Is there a better source of mappings between CPUID DisplayFamily_DisplayModel and precise PMU events supported?





Black Belt

Those events are the "fixed-function" counters, which are normally accessed either using the RDMSR instruction (as described in Table 19-2 of Volume 3 of the Intel Architectures Software Developers Manual) OR by using the RDPMC instruction with special counter values of (1<<30+0), (1<<30+1), and (1<<30+2).   This latter approach is described in the entry for the RDPMC instruction in Volume 2 of the Intel Architectures Software Developer's Manual.  

I admit that I am a bit puzzled by the wording in Table 19-3.   While it is clear that the fixed-function events described above are independent of the programmable counters, Table 19-3 suggests using a programmable counter for the same events -- which clearly cannot leave all of the other programmable counters available.   I suggest ignoring the Event 0x00 encoding of the first three entries in Table 19-3 and use the special performance counter number encoding described above (i.e., counter numbers 1<<30 to 1<<30+2).  If you want to use the programmable counters for these events, use the encodings from Table 19-1, which provides the same event coverage.  For the fixed-function counters, the AnyThread bits are in the IA32_FIXED_CTR_CTRL MSR, instead of in the IA32_PERFEVTSEL* MSRs.

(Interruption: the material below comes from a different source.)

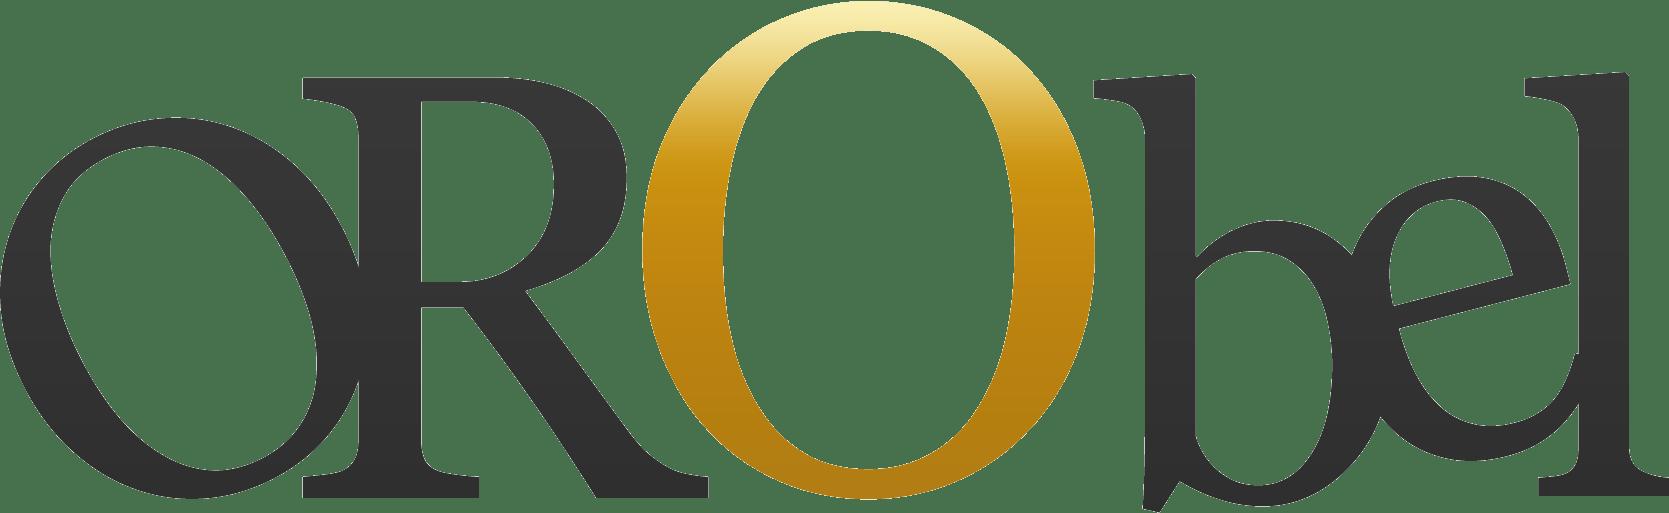 Orobel SPRL - Achat & Vente d'or pour particuliers et professionels

Note that the "reference cycles not halted" event means something slightly different in the fixed-function and programmable events.  The programmable event increments once for each "tick" of the reference clock (while the processor is not halted), but the fixed-function counter increments by P for each "tick" of the reference clock (while the processors is not halted), where "P" is the same multiplier ratio used by the TSC.